AI chatbots that lives in your stack, not on a vendor's roadmap. Shipped from Manawatū-Whanganui.

Our goal is to give Whanganui businesses a three-day weekend, so people can spend more time with their families and the people they love :)

Whanganui businesses don't need another generic AI pitch. AI chatbots only earns its keep when it's built around the workflow you actually run on a wet Tuesday, and that's how we scope every engagement we take on in Manawatū-Whanganui.

What AI chatbots actually does

Trained on your business, not Wikipedia. AI assistants that answer pricing, hours, availability, bookings - and escalate cleanly when the customer needs a human.

  • 01 Trained on your documents, FAQs, and past tickets
  • 02 Books appointments, takes deposits, qualifies leads
  • 03 Live hand-off to a human when needed
  • 04 Daily quality reports so you stay in control

Built on: Claude OpenAI Custom RAG pipelines

What you actually get

Every engagement is scoped and quoted up front. This is what is in the box.

How AI chatbots compares

The two things most businesses do instead, and where each one runs out.
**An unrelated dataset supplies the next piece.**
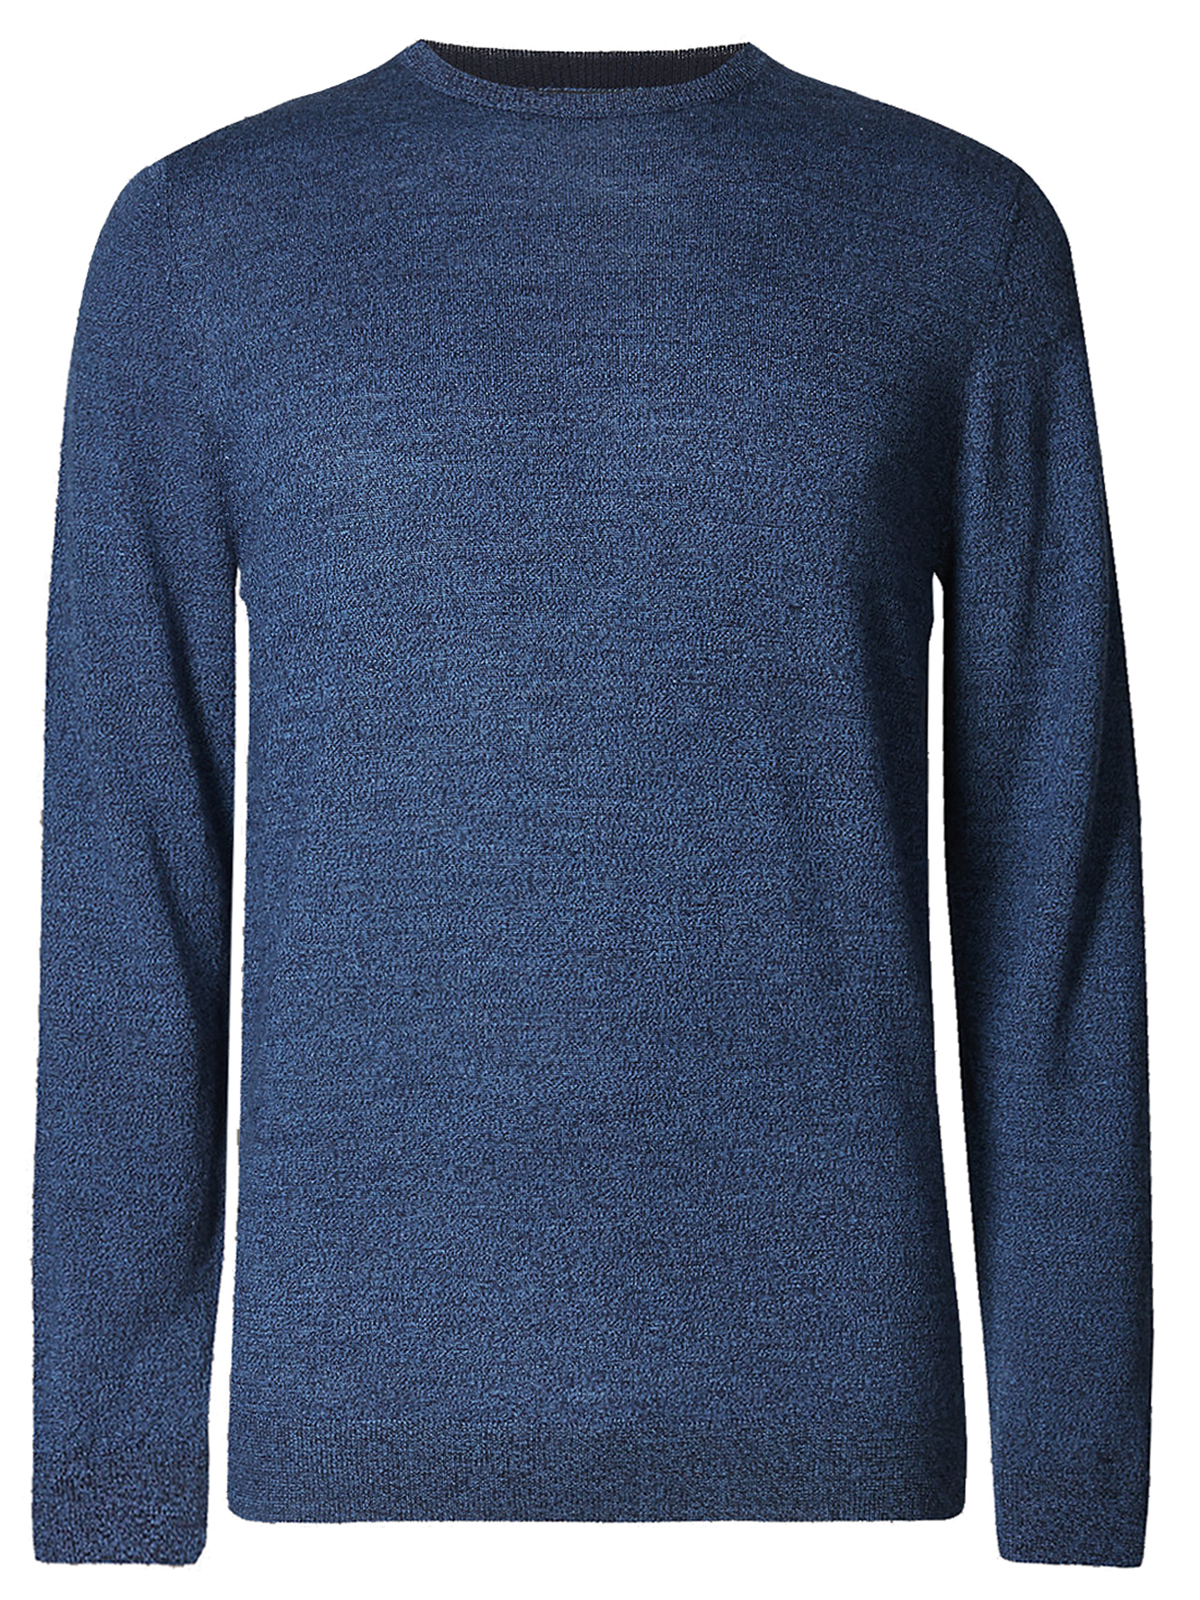 Marks and Spencer - - M&5 BLUE Mix Men's Blue Mix Pure Merino Wool Crew ...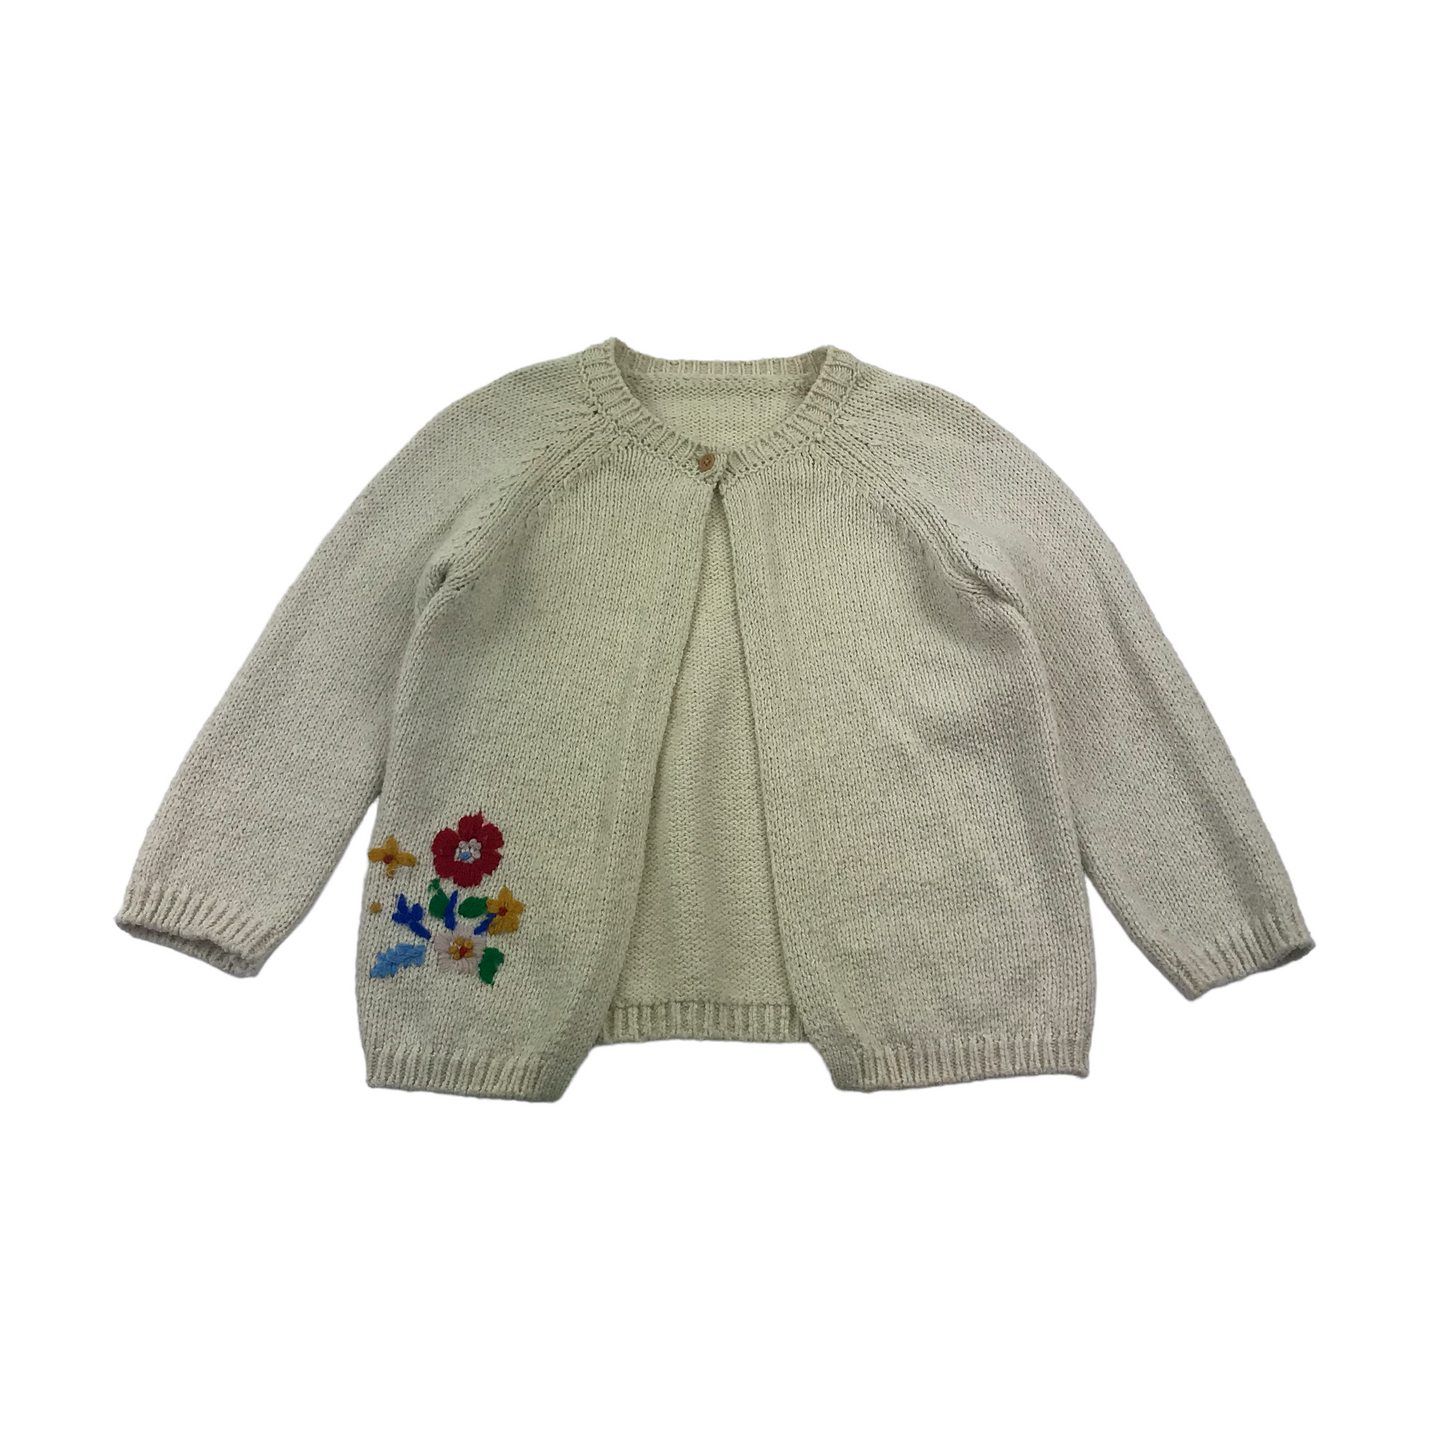 Nutmeg White Floral Embroidery Cardigan Age 4

 Hiring for itAn off-the-shelf toolKiwi Dynamics
Fit to how you workFits perfectly, costs a salaryYou bend your process to suit the toolBuilt around the workflow you already run
Time to something usefulImmediate, and permanentQuick to switch on, slow to make fitA working slice in weeks, then hardened
Who owns the dataYou doThe vendor, on the vendor's termsYou do, in your own accounts
When it breaksThat person sorts it, if they are inA support queue and a ticket numberThe people who built it
What it costsA salary, every year, foreverPer seat, forever, used or notScoped and quoted up front

What we keep seeing in Whanganui.

  • Whanganui blends creative scene, river-led tourism, and steady local trades - AI here helps small operators run lighter and reach further.
  • Tourism, creative industries, and a growing remote-work population. AI tools that scale a small team's reach without enterprise overhead win.

We work with teams across Whanganui: Whanganui CBD · Castlecliff · Aramoho · Marton · Bulls.

Talk to us about this →

How we build AI chatbots for a Whanganui team.

We scope narrow, ship a working pilot, then harden it into production. The first slice is the highest-leverage workflow for your Whanganui business, so value lands before the build is finished. AI customer support.

Talk to us

How the work runs

The outcome for Whanganui teams

The shape of the result for Whanganui teams: Handles 60-70% of routine enquiries without human input. Built on Claude, hardened with the rest of the stack as it scales.

Not your typical AI agency.

Honest about what AI can and cannot do

Ships the one workflow that pays for itself

Hours given back, never the size of the invoice

Start a conversation

*Every engagement is scoped and quoted up front. Results vary by workflow and business.

How much is not automating costing you?

Nine hours a week of admin is 468 hours a year. With Kiwi Dynamics, that drops to about 52.

Try the calculator

*Based on 9 hours a week of admin at Kiwi Dynamics' typical 80% automation rate. Your number may vary, the calculator uses your own.

FAQ

What's the realistic timeline for AI chatbots with a Whanganui?

Most Whanganui businesses have their first usable slice in week 5 or 6. We'd rather ship narrow and real than broad and aspirational - your team gets to use the thing well before the engagement is "done".

What does AI chatbots cost for a Whanganui?

Pilots start from a fixed scope priced to land a measurable result inside 6 weeks. Pricing depends on data volume, integration complexity, and whether you need us on managed services afterwards. We'll quote precisely after a 30-minute scoping call.

What's the realistic outcome for Whanganui businesses?

Handles 60-70% of routine enquiries without human input. We don't promise tenfold lifts because we don't see them outside of marketing decks.

What happens if we want to swap a vendor out later?

AI chatbots is built behind a small adapter layer specifically so swapping a model provider or a data source is a one-day job, not a re-architecture. Claude, OpenAI, Custom RAG pipelines are our defaults, but the build is intentionally portable.

One short call.

Tell us what you're trying to fix. We'll come back inside a working day.

Talk to us about this

Tell us what you're trying to do and we'll reply with how we'd build it - no obligation.